When copying the listing below, skip every picture and keep each word as it stands.
--- Data section ---
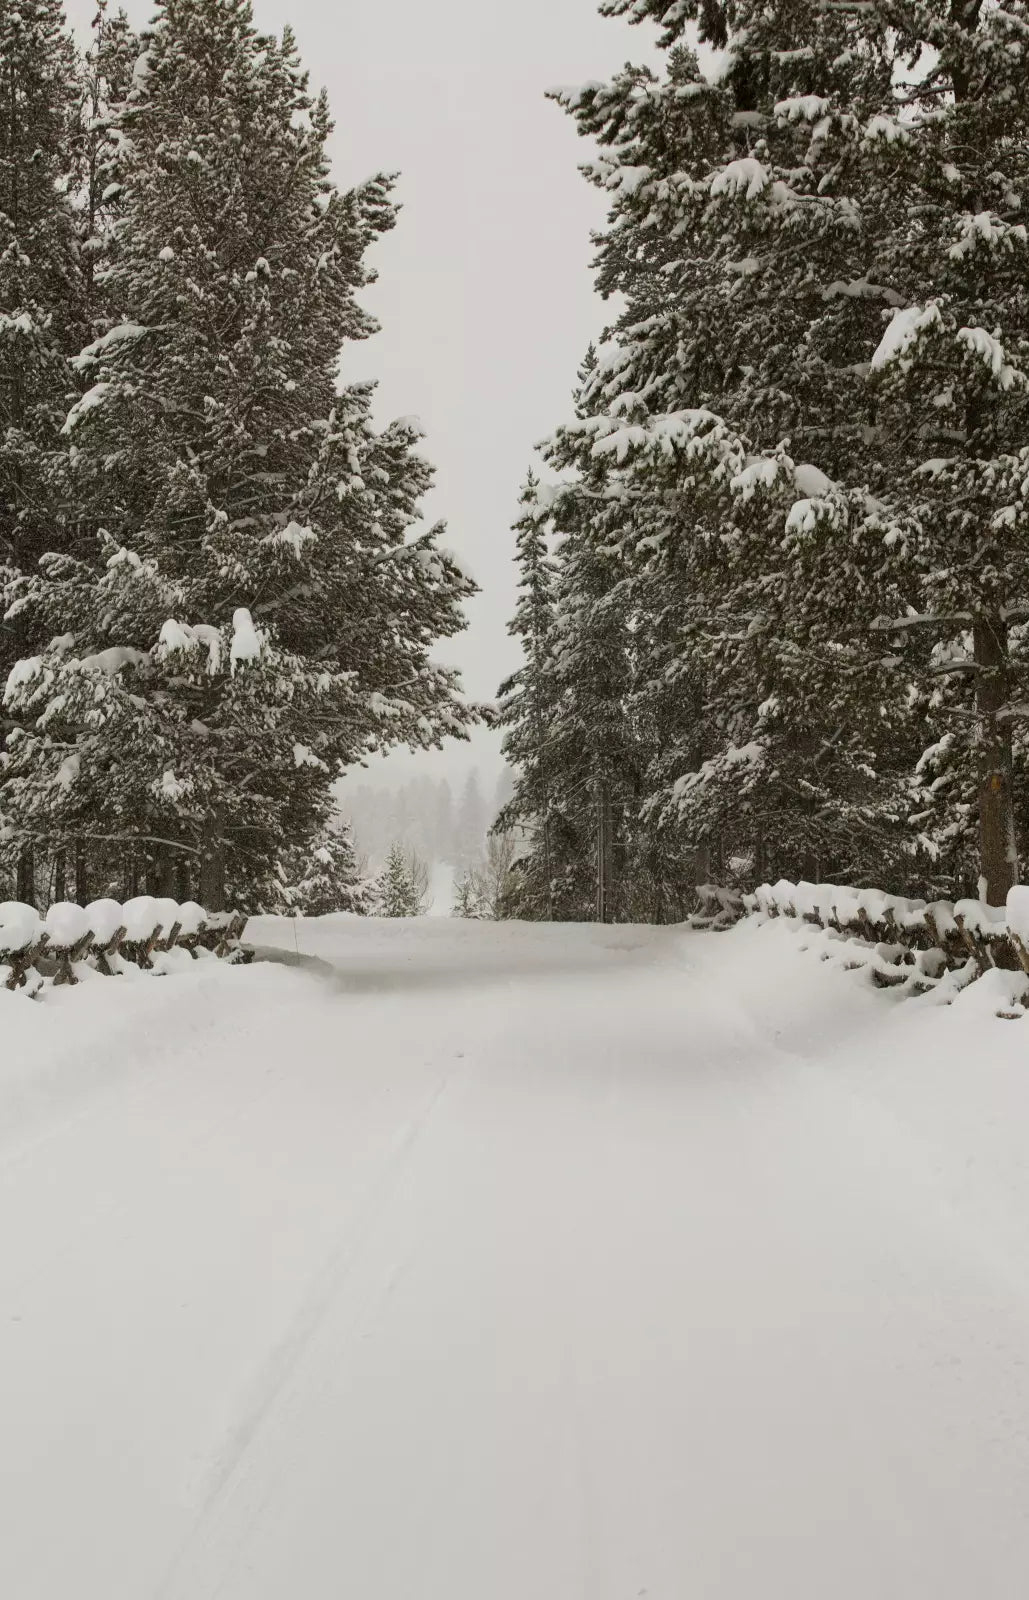 Snowy Roads
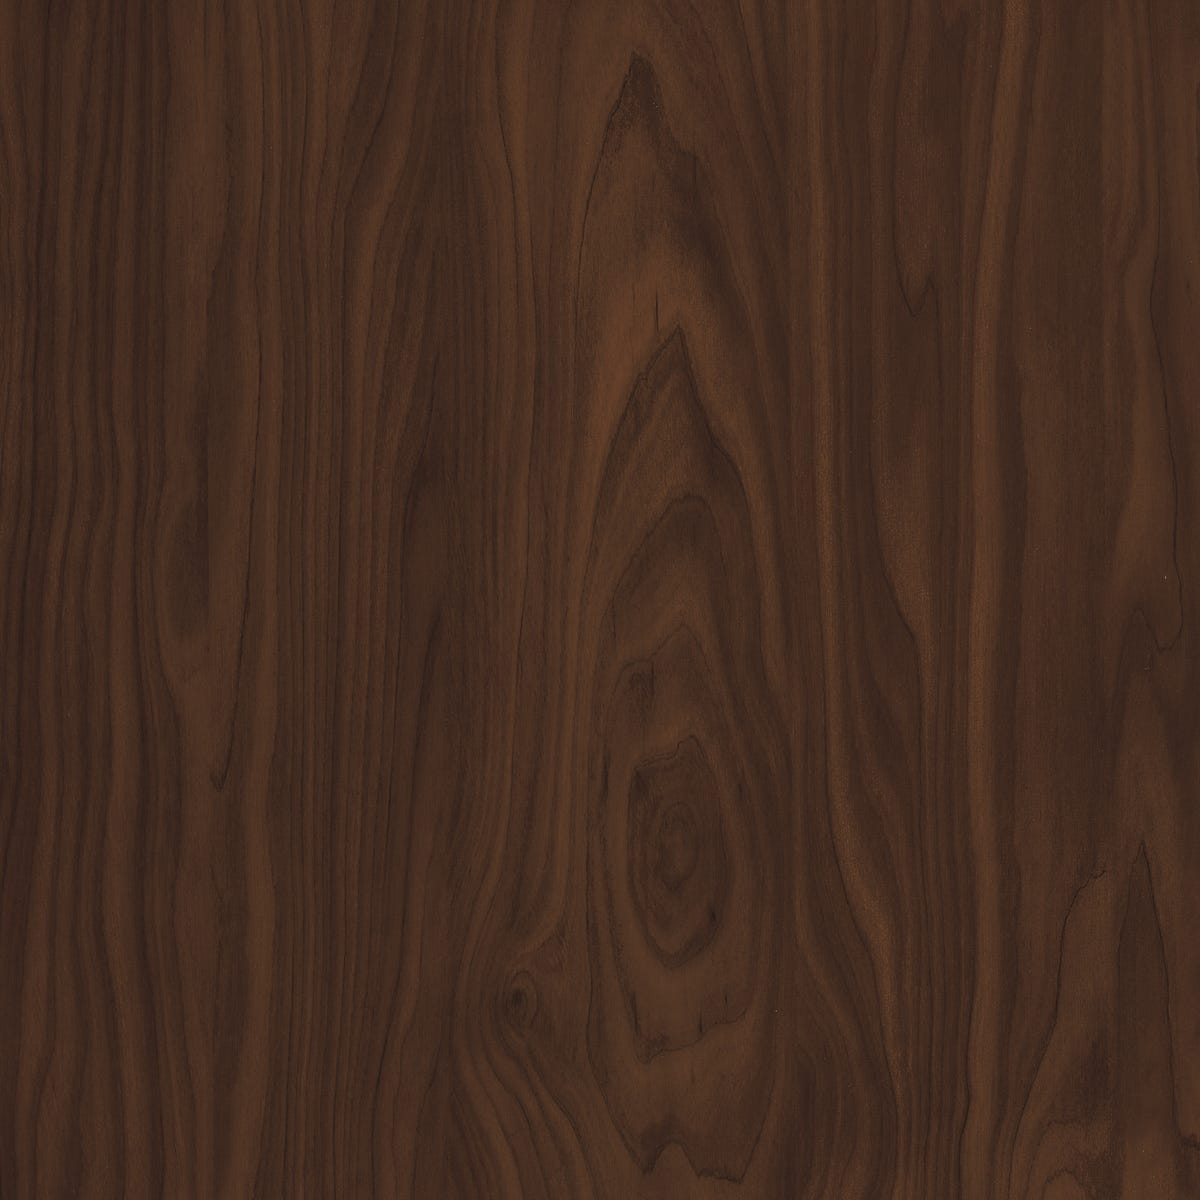 Zdjęcia - Pozostałe meble D-C-FIX Okleina Apfelbirke brązowa 67.5 x 200 cm imitująca drewno 
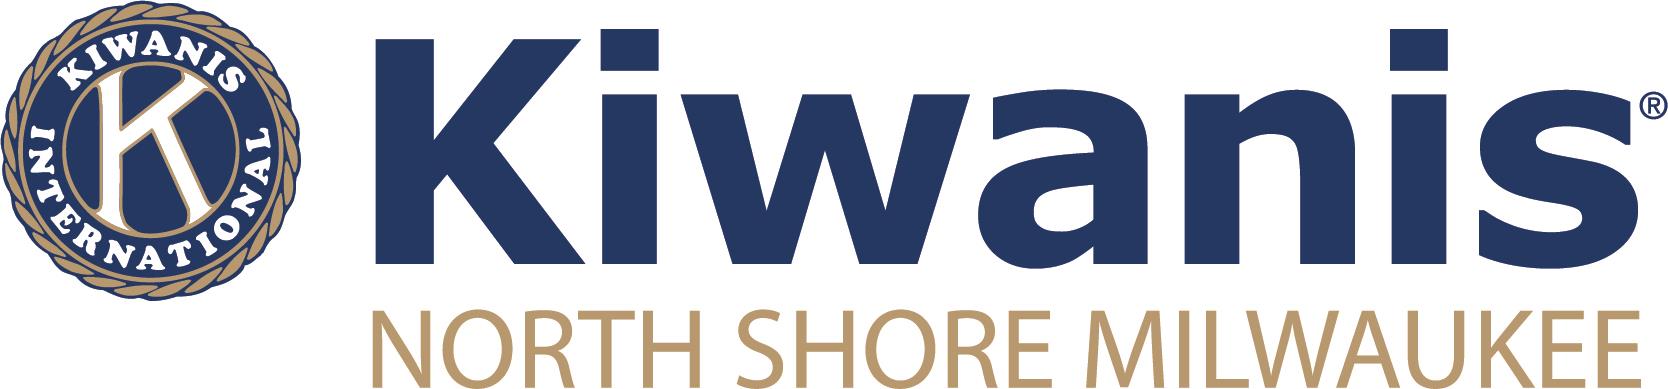 Kiwanis North Shore Milwaukee logo
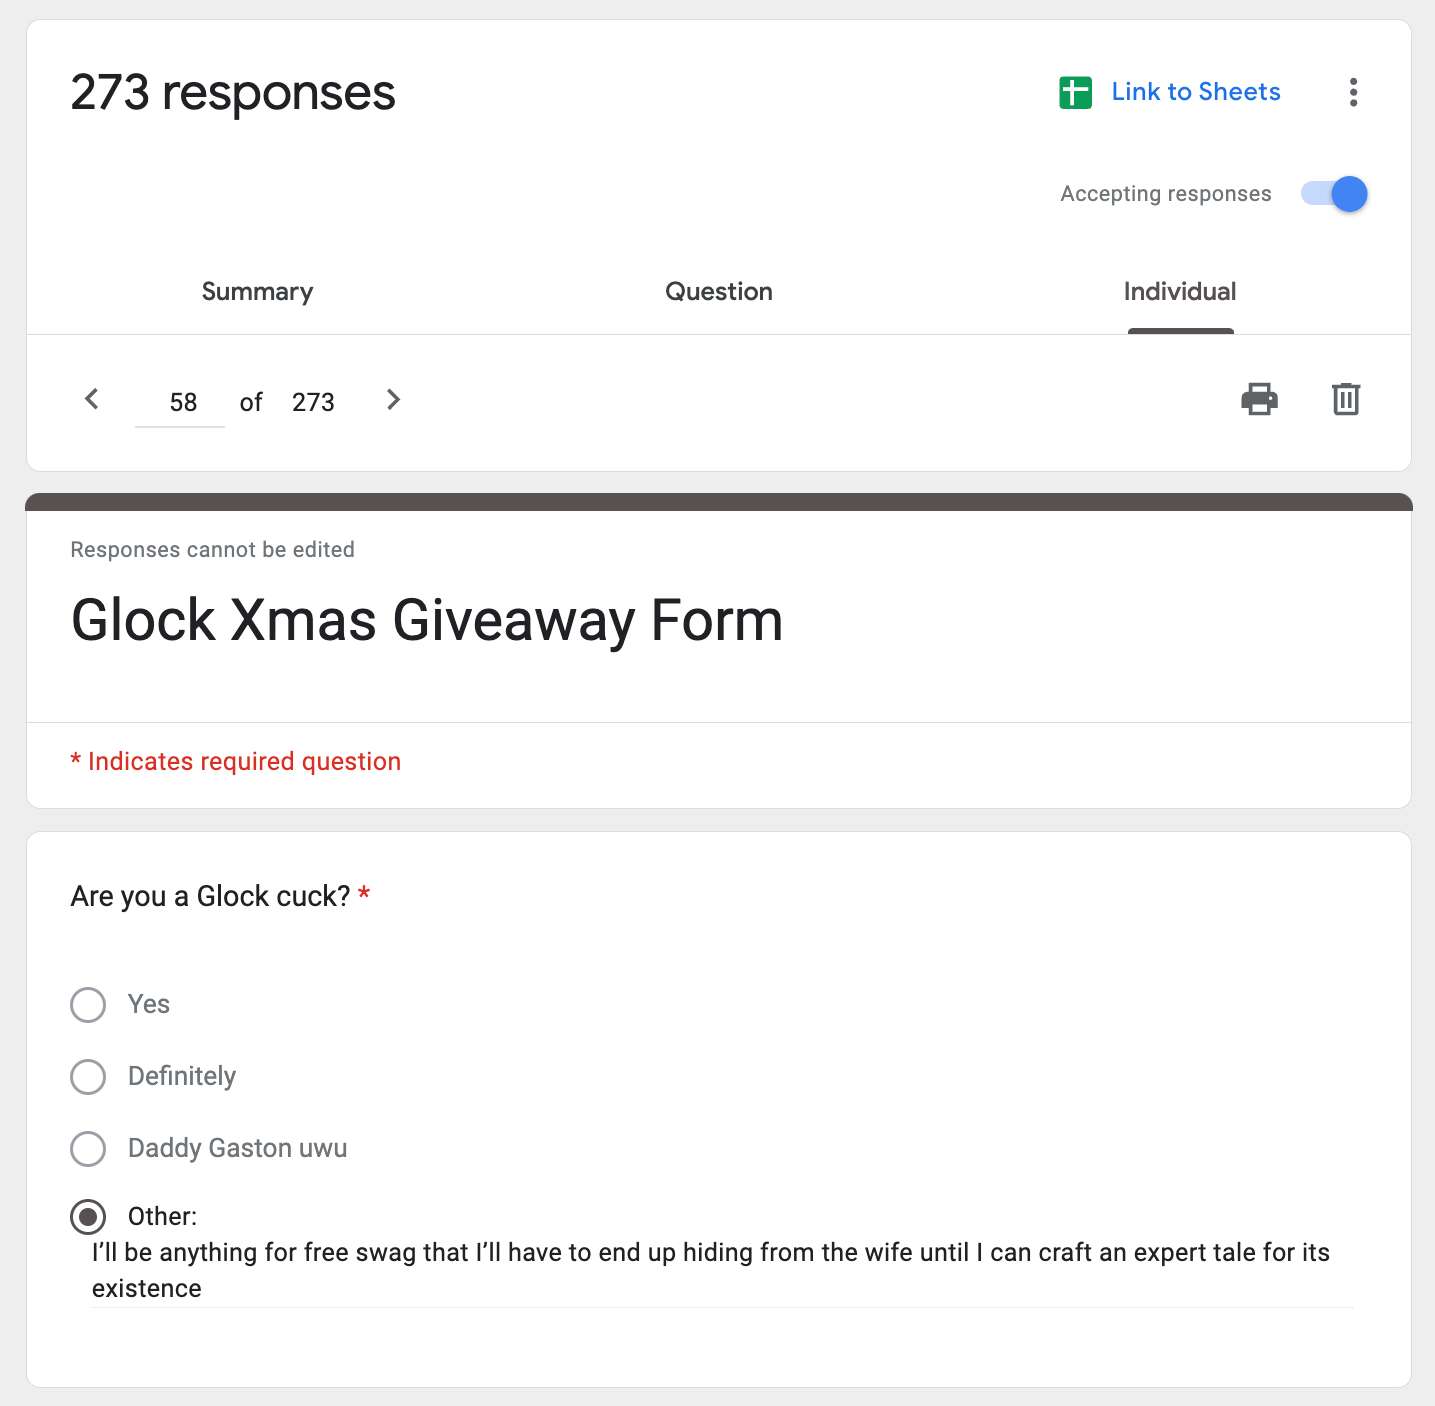 Glock Christmas Giveaway Winner IS...
---
Response area:
 Snowy Roads
 Zdjęcia - Pozostałe meble D-C-FIX Okleina Apfelbirke brązowa 67.5 x 200 cm imitująca drewno 
 Kiwanis North Shore Milwaukee logo
 Glock Christmas Giveaway Winner IS...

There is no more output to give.